Зейнаб кивнула, а Гюльжан, словно овца на заклание, покорно поплелась за Лейлой. Их поместили в маленькую комнатку, увешанную коврами, с рисунками, изображавшими любовные сцены, с узкими кроватями, заправленными покрывалами. Свет проникал через резные окна с разноцветными стеклами, прикрытые тяжелыми золотистыми портьерами. Кроме них, здесь были еще пять девочек – две мулатки с кофейной кожей приятного оттенка, черная, как эбеновое дерево, эфиопка с толстыми губами, такими же, как у верховного евнуха, и две белокурые, одна англичанка с голубыми глазами и густыми волнистыми волосами, другая – француженка, захваченная в плен вместе с кораблем, принадлежавшим ее отцу – купцу, довольно миловидная, развитая не по годам, резвая и смышленая. Позже маленькая девочка с Кавказа узнала, что рыжий цвет волос считается дьявольским. Во всем гареме во все века не было ни одной рыжеволосой. Француженка что-то спросила у Гюльжан на певучем языке, своеобразно произнося звук «р», но черкешенка ее не поняла. Новые подруги предложили княжнам одежду – шаровары, закрытые ботинки, туго охватывающие лодыжку, цветные шелковые халаты до пола, похожие на мужские, шелковые сорочки, платки, по краям украшенные бахромой, и круглые бархатные малиновые шапочки. Гюльжан присела на кровать, безучастно глядя перед собой, а Зейнаб, с восторгом перебирая вещи, выбрала полосатый халат, белую рубашку почти до пола, платок с золотистой бахромой и глянцевые черные ботинки.

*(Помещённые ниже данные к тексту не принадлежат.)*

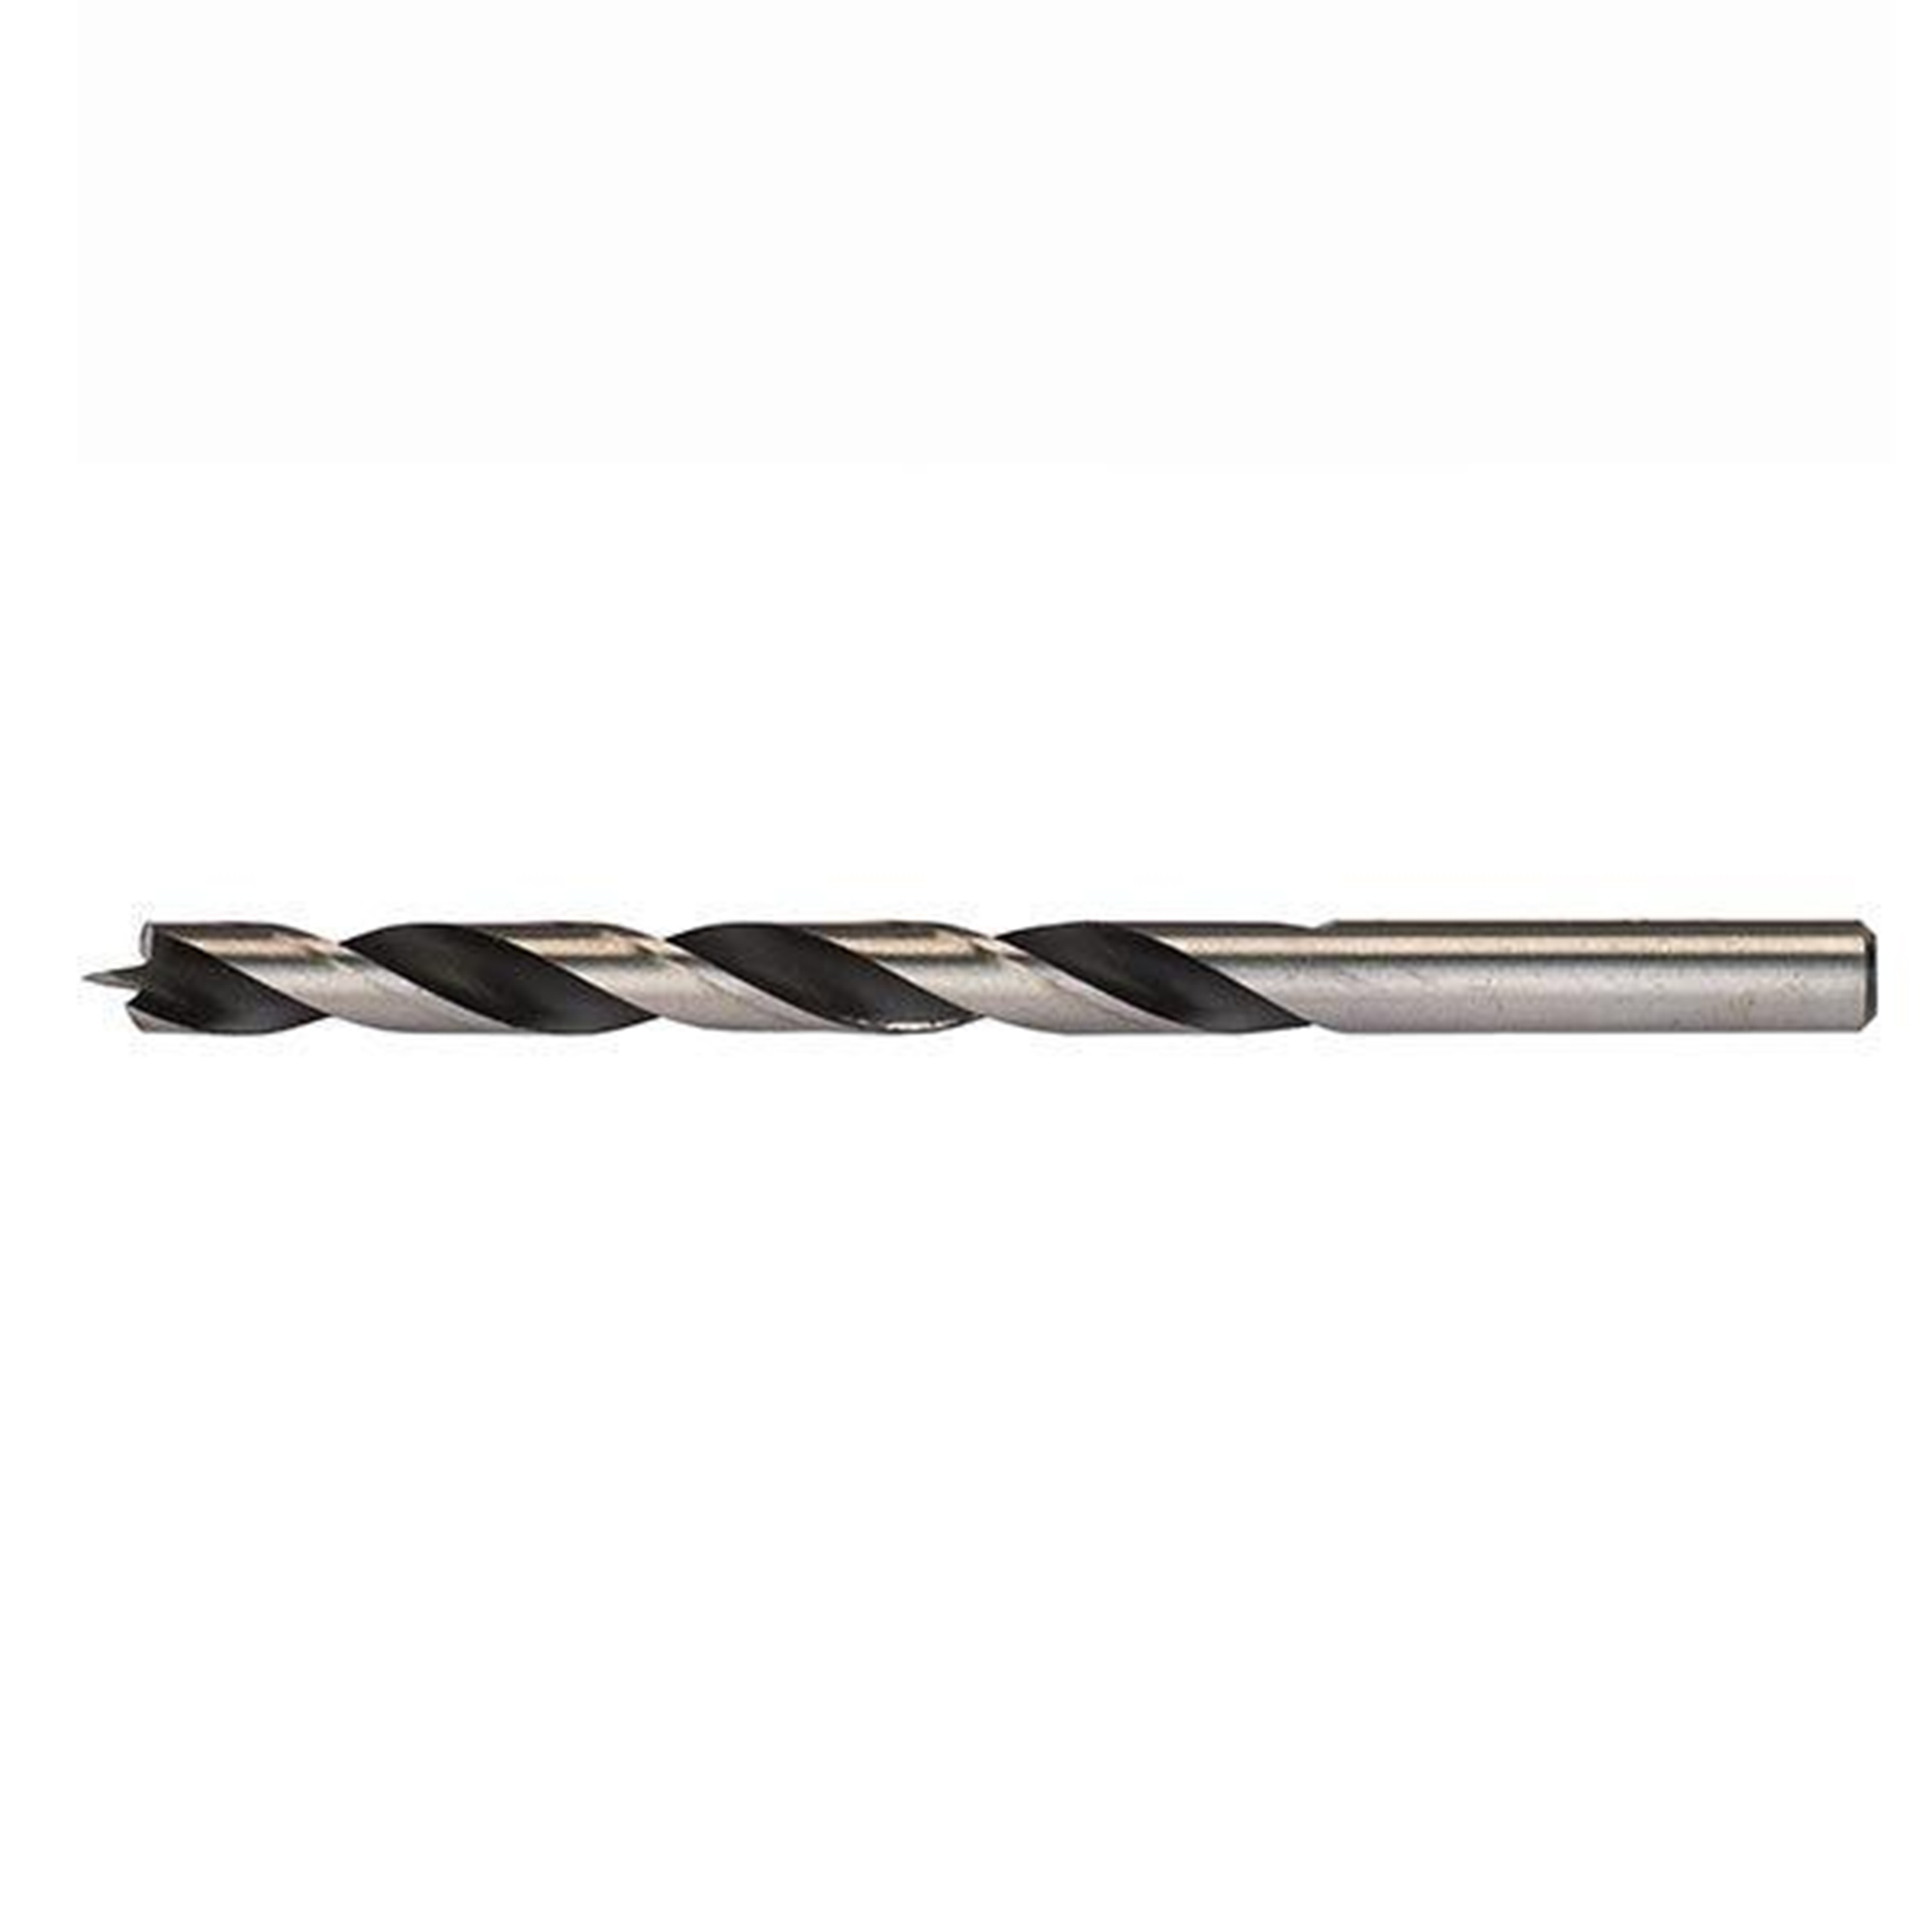 11/32-inch Chrome-vanadium Steel Brad Point Drill Bit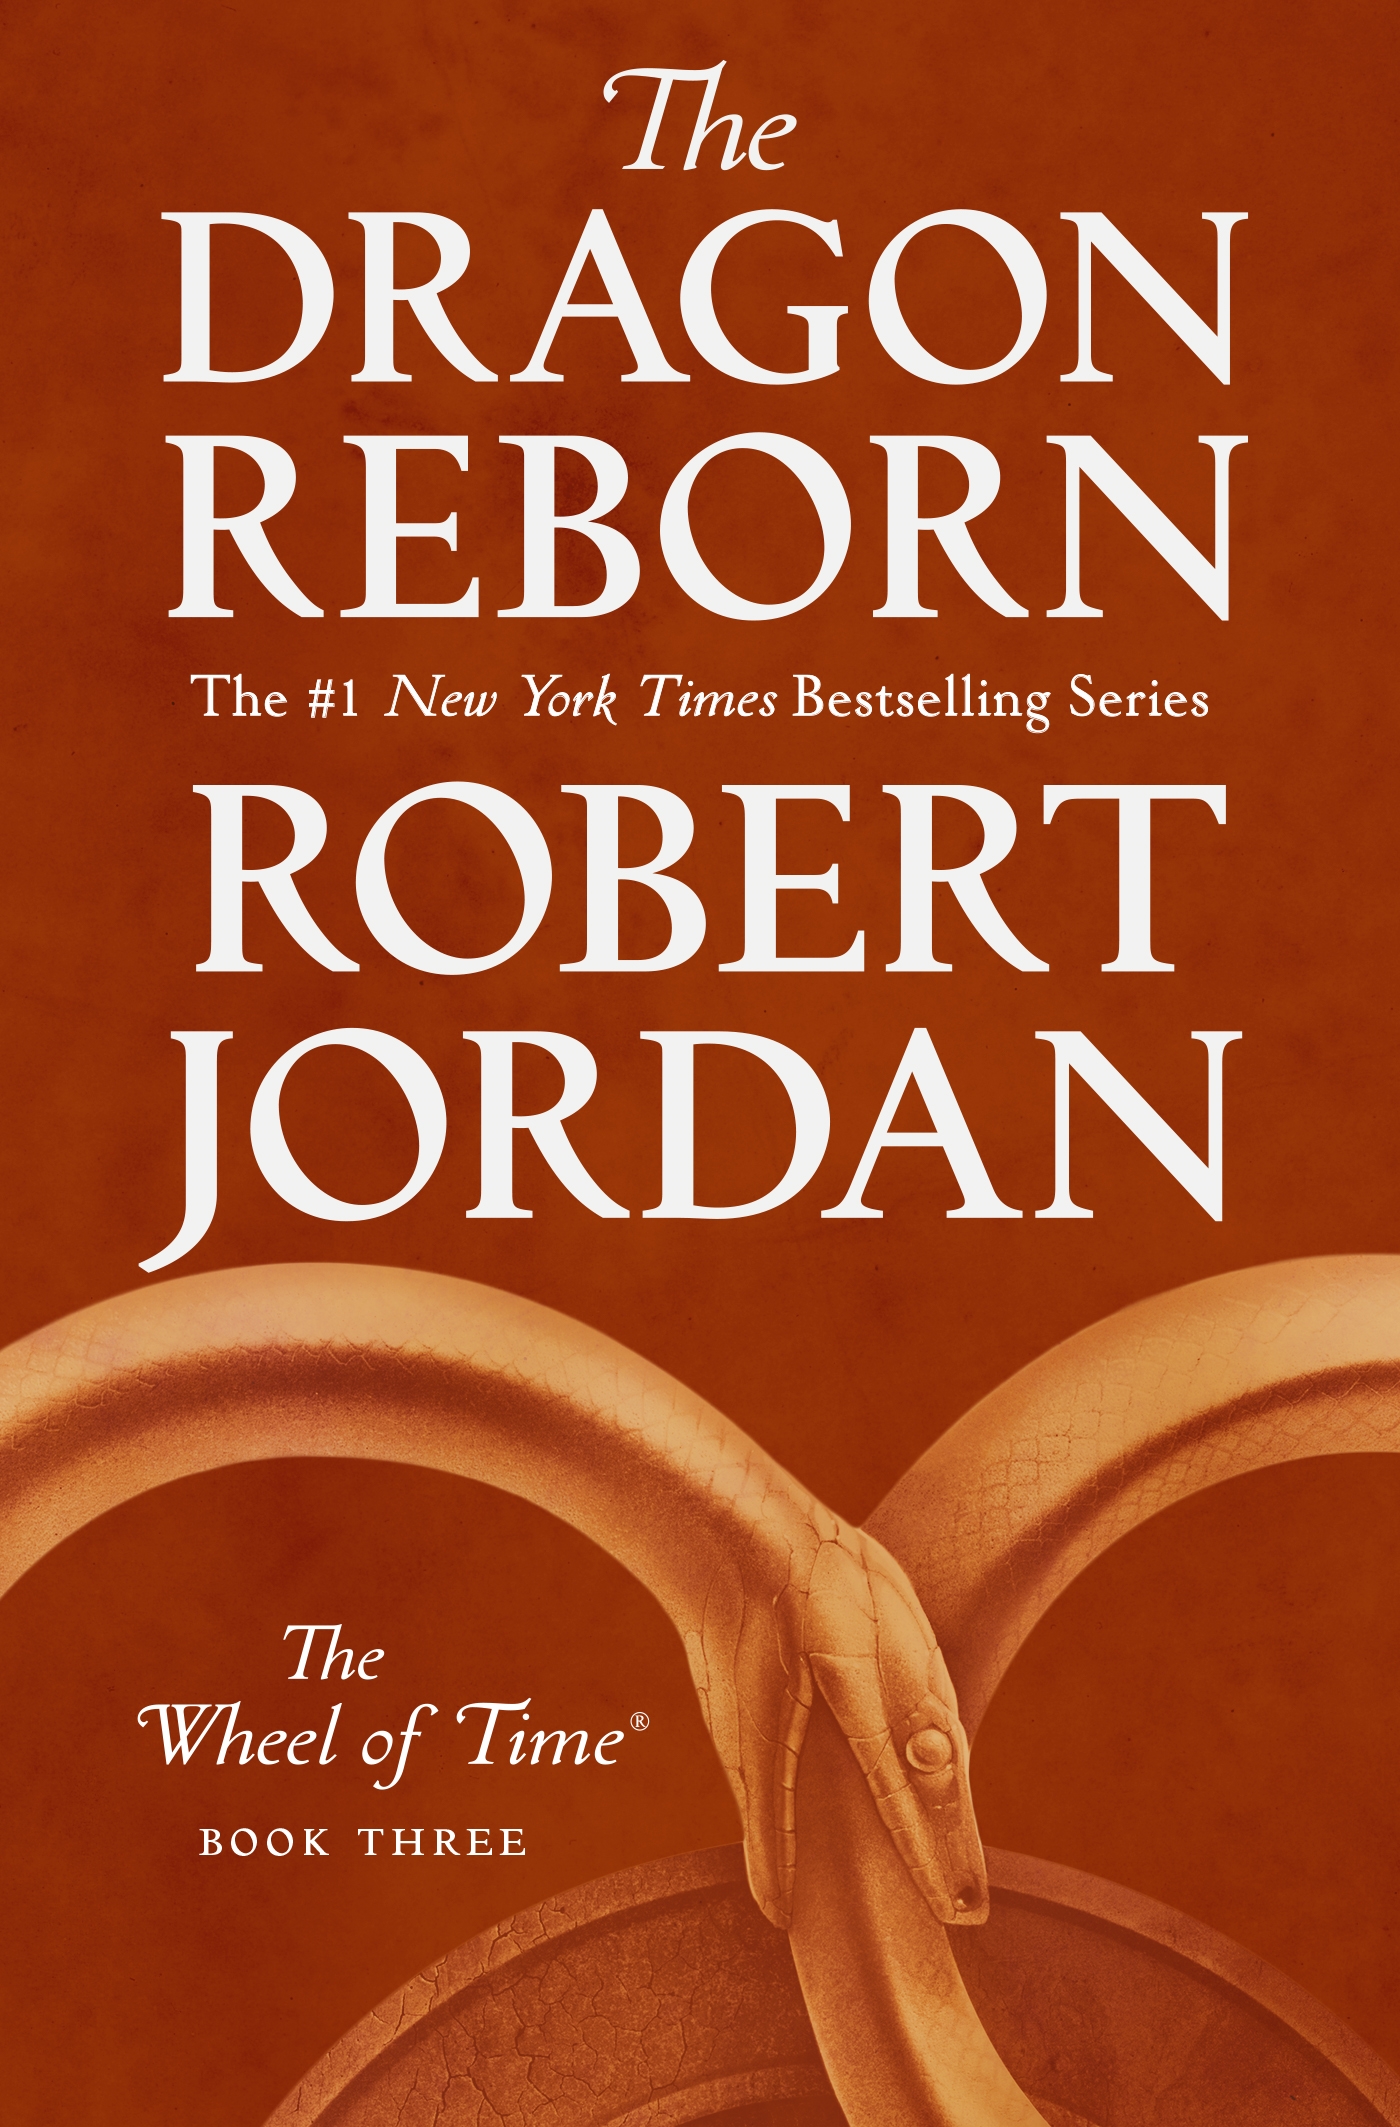 Book “The Dragon Reborn” by Robert Jordan — October 29, 2019

– Посмотри, какая прелесть! – быстро скинув запыленную одежду, она стала натягивать шаровары, но грозный окрик Лейлы заставил ее вздрогнуть и воровато оглянуться.
– В хамам, – скомандовала смотрительница, и девочки покорно поплелись за ней. Лейла остановилась возле одной из широких дверей, достала из кармана связку ключей, и они все зазвенели в воздухе, пахнувшем благовониями. Сунув один из них, самый длинный, в замочную скважину, она отворила дверь, и девочки, неожиданно для себя, оказались в просторной комнате, посреди которой красовался квадратный бассейн с небесно-голубой водой. Зейнаб захлопала в ладоши, а бесстрастная Лейла кинула им два белейших махровых полотенца, таких больших, что худеньким черкешенкам можно было дважды обмотать их вокруг себя, и толкнула в комнатку поменьше, жарко натопленную. Она объяснила, что это парилка, где нужно посидеть несколько минут, чтобы с потом сошла грязь, а потом охладиться в бассейне. Старуха плеснула на раскаленные камни воду, и они зашипели, как ядовитые змеи, обдав девочек паром. Обе залезли на лежанки, а Лейла зорко следила за ними, потом натерла будущим невольницам головы благоухающей пенящейся жидкостью, пахнувшей диковинным цветком, и, слегка подтолкнув, отправила в бассейн. Холодная, кристально чистая родниковая вода освежила Гюльжан, прояснила тяжелую голову, сняла усталость. Она провела рукой по смоляным волосам, крупными завитками спадавшим на плечи. После мытья они стали еще пышнее, как черное покрывало ночи, окутав ее стройную фигурку. Старуха, резко повернув к себе будущую невольницу, провела по волосам костистой рукой с бугристыми синими венами.
– Хорошая грива у тебя, детка, – пробормотала она. – Такие падишаху нравятся.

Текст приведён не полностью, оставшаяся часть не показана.